**Exercise description**
Give back the lines below verbatim, omitting all pictures.

**Data**
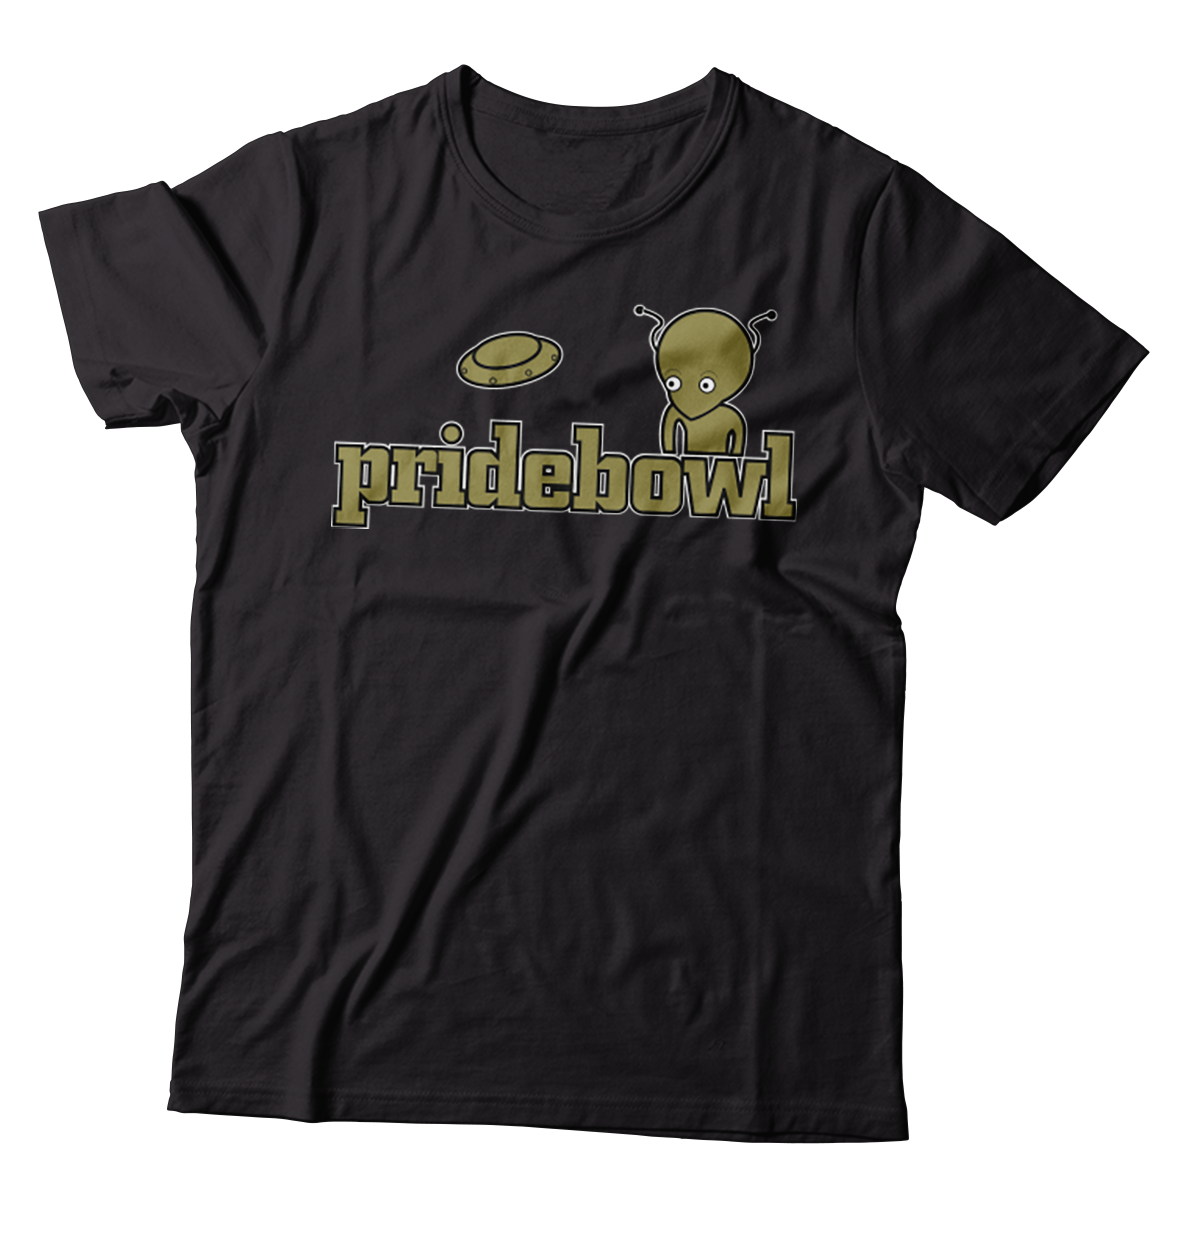 PRIDEBOWL - "Alien" (Black) (T-Shirt)
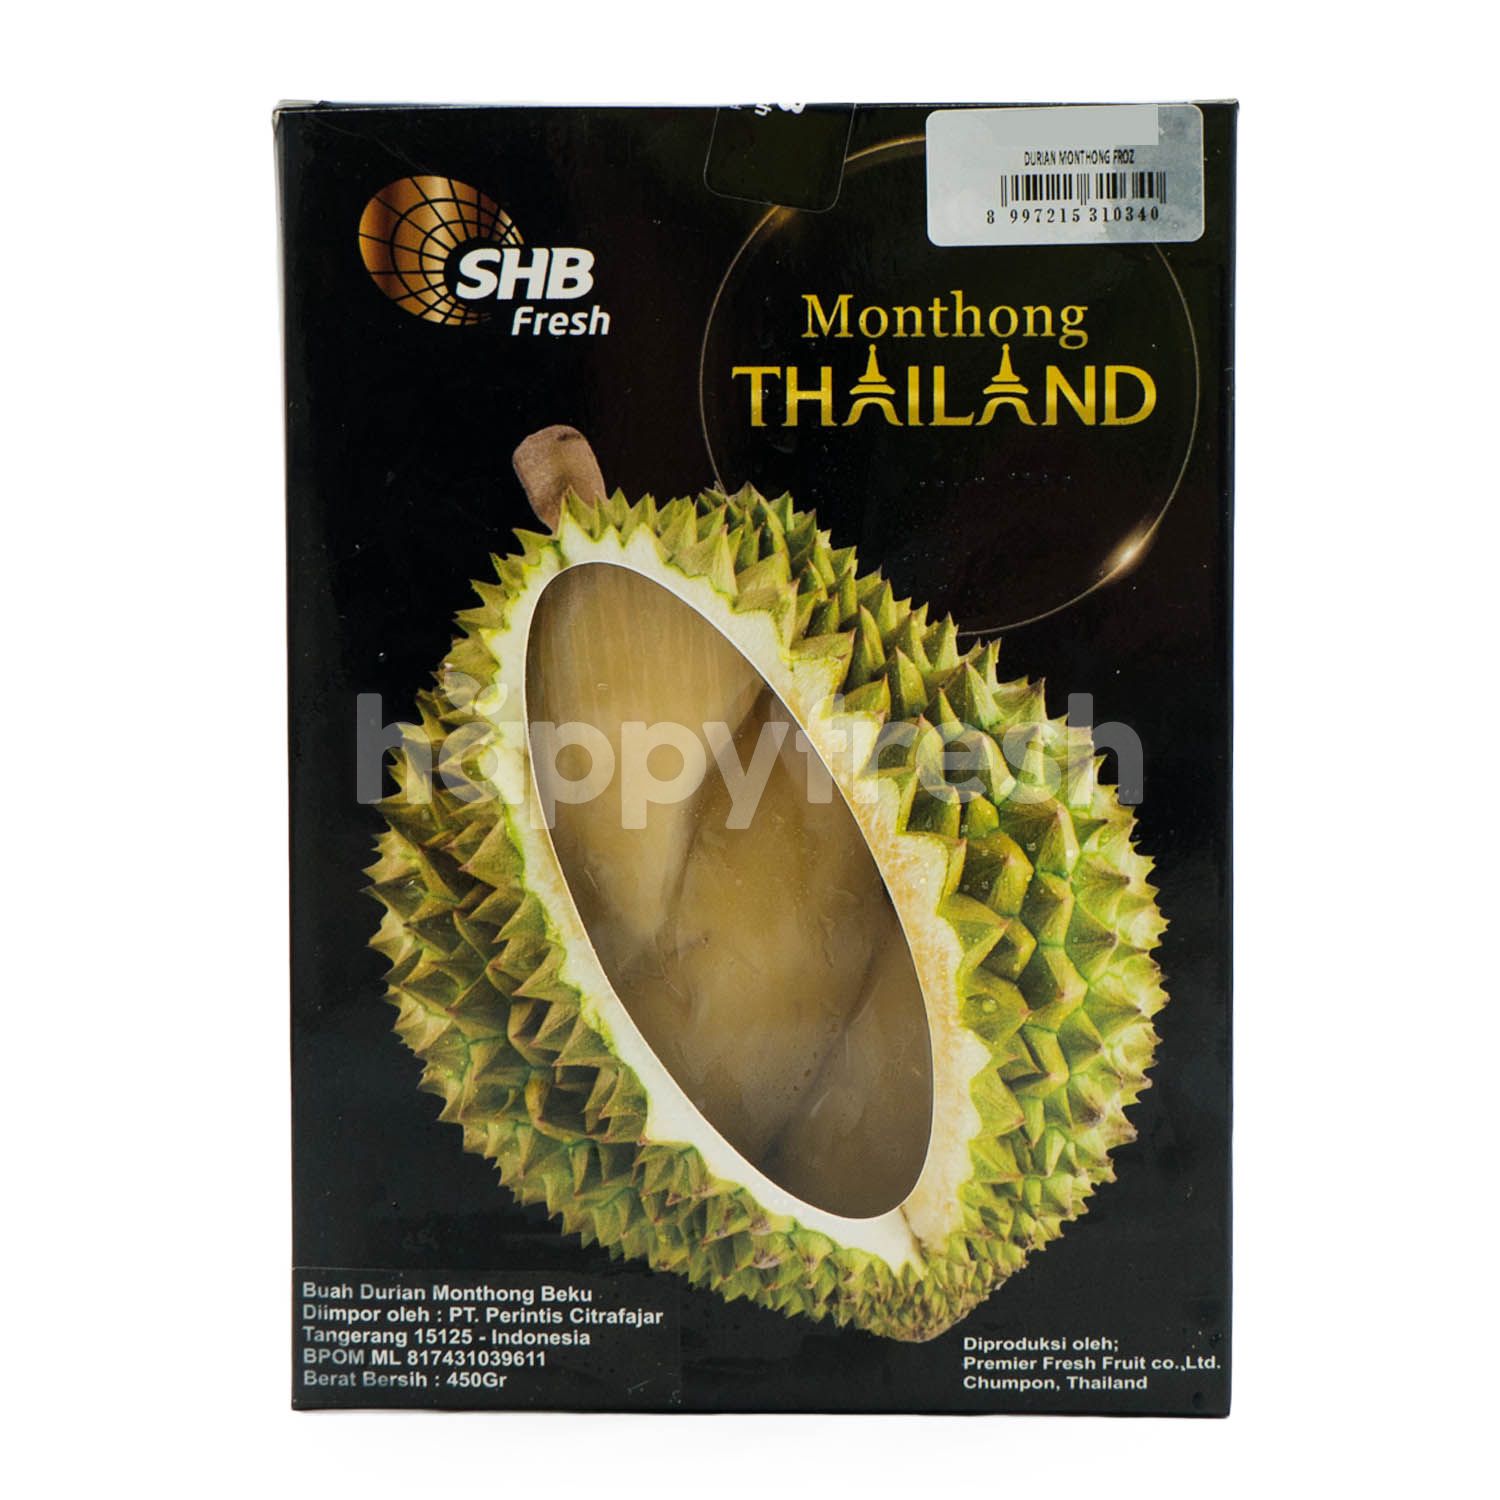 Duriand bintaro
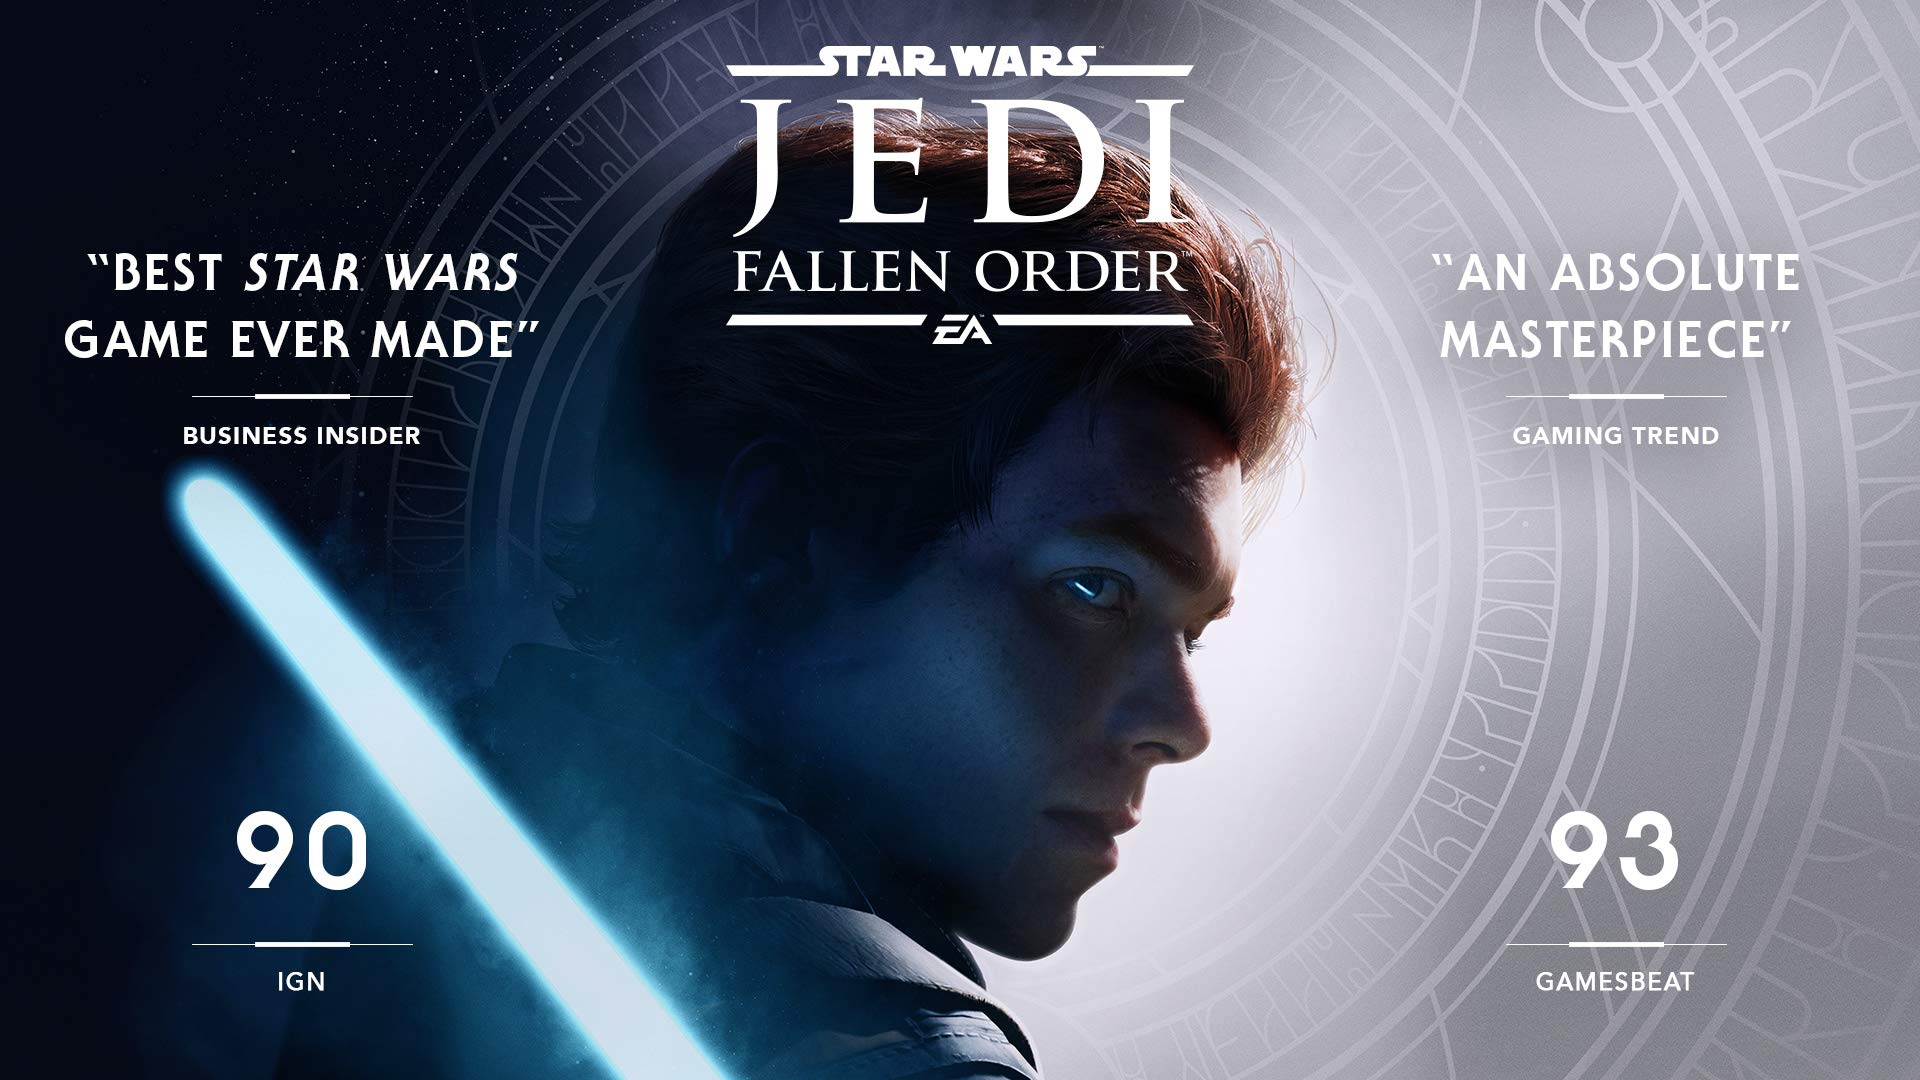 Star Wars Jedi: Fallen Order Deluxe Edition - PlayStation 4

**Response for this exercise**
 PRIDEBOWL - "Alien" (Black) (T-Shirt)
 Duriand bintaro
 Star Wars Jedi: Fallen Order Deluxe Edition - PlayStation 4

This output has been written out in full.